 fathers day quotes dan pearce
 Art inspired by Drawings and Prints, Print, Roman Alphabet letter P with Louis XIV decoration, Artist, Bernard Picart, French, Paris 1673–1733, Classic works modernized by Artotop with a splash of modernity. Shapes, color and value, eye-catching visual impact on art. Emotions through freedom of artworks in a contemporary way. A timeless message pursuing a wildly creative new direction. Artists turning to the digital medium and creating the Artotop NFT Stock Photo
--*--
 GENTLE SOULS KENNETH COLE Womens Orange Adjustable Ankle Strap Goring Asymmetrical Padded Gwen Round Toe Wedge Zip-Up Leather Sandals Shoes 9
--*--
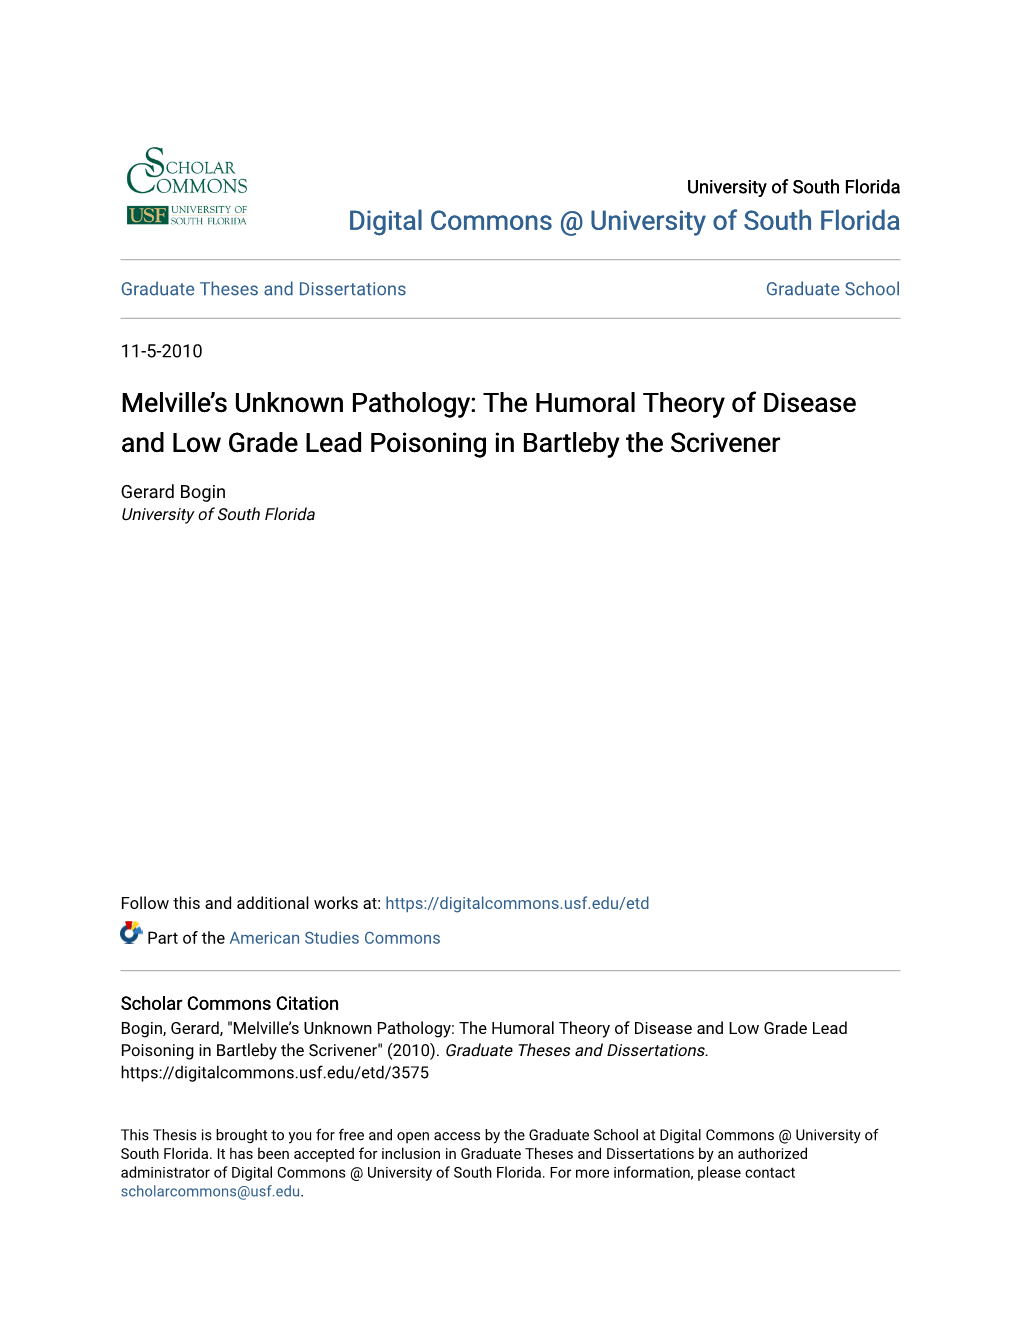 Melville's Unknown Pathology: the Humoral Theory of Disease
--*--
◆ AIM OF THE TASK:
Restate word for word only the lines above from the line containing "fathers day quotes dan pearce" to the line containing "Art inspired by", both of them included.

◆ ANSWER BOX:
 fathers day quotes dan pearce
 Art inspired by Drawings and Prints, Print, Roman Alphabet letter P with Louis XIV decoration, Artist, Bernard Picart, French, Paris 1673–1733, Classic works modernized by Artotop with a splash of modernity. Shapes, color and value, eye-catching visual impact on art. Emotions through freedom of artworks in a contemporary way. A timeless message pursuing a wildly creative new direction. Artists turning to the digital medium and creating the Artotop NFT Stock Photo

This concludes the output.